Input material.
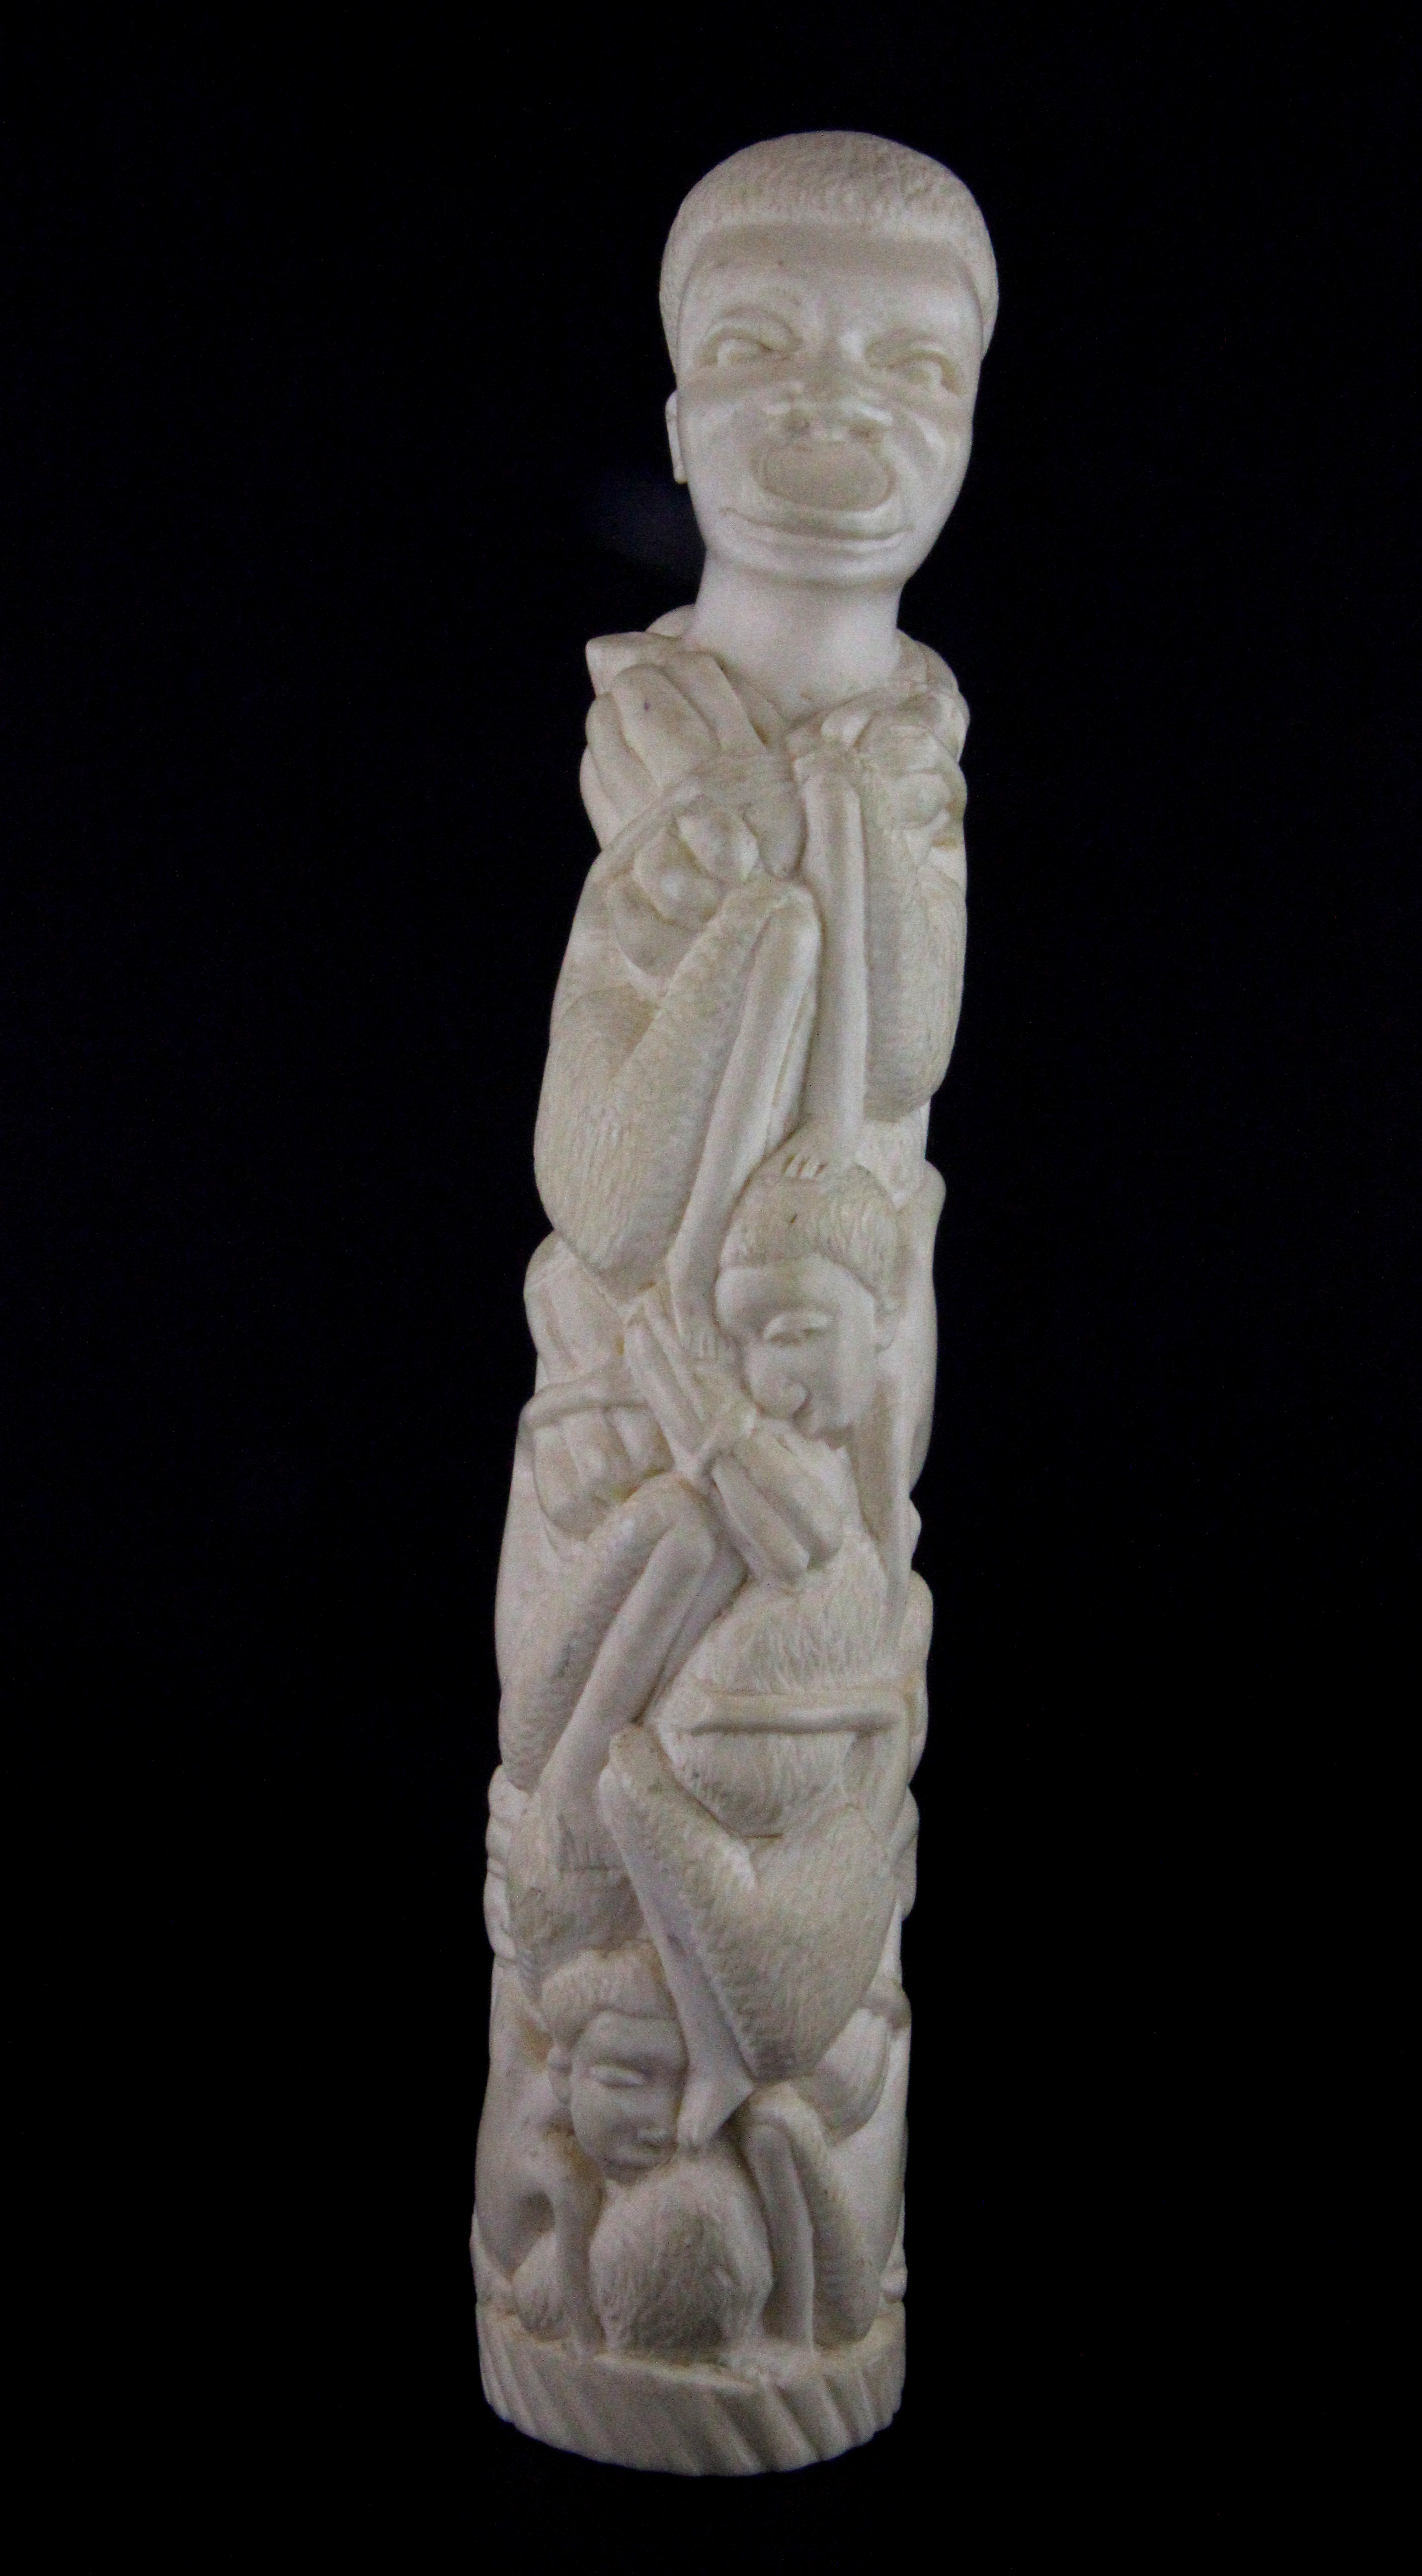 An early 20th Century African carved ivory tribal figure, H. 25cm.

--

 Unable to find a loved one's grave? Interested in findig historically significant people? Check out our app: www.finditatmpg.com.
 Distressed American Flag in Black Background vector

Directions for this task. Copy exactly the stretch of data above from the line with "Unable to find" through the line with "Distressed American Flag", and omit all other lines.

Expected output.
 Unable to find a loved one's grave? Interested in findig historically significant people? Check out our app: www.finditatmpg.com.
 Distressed American Flag in Black Background vector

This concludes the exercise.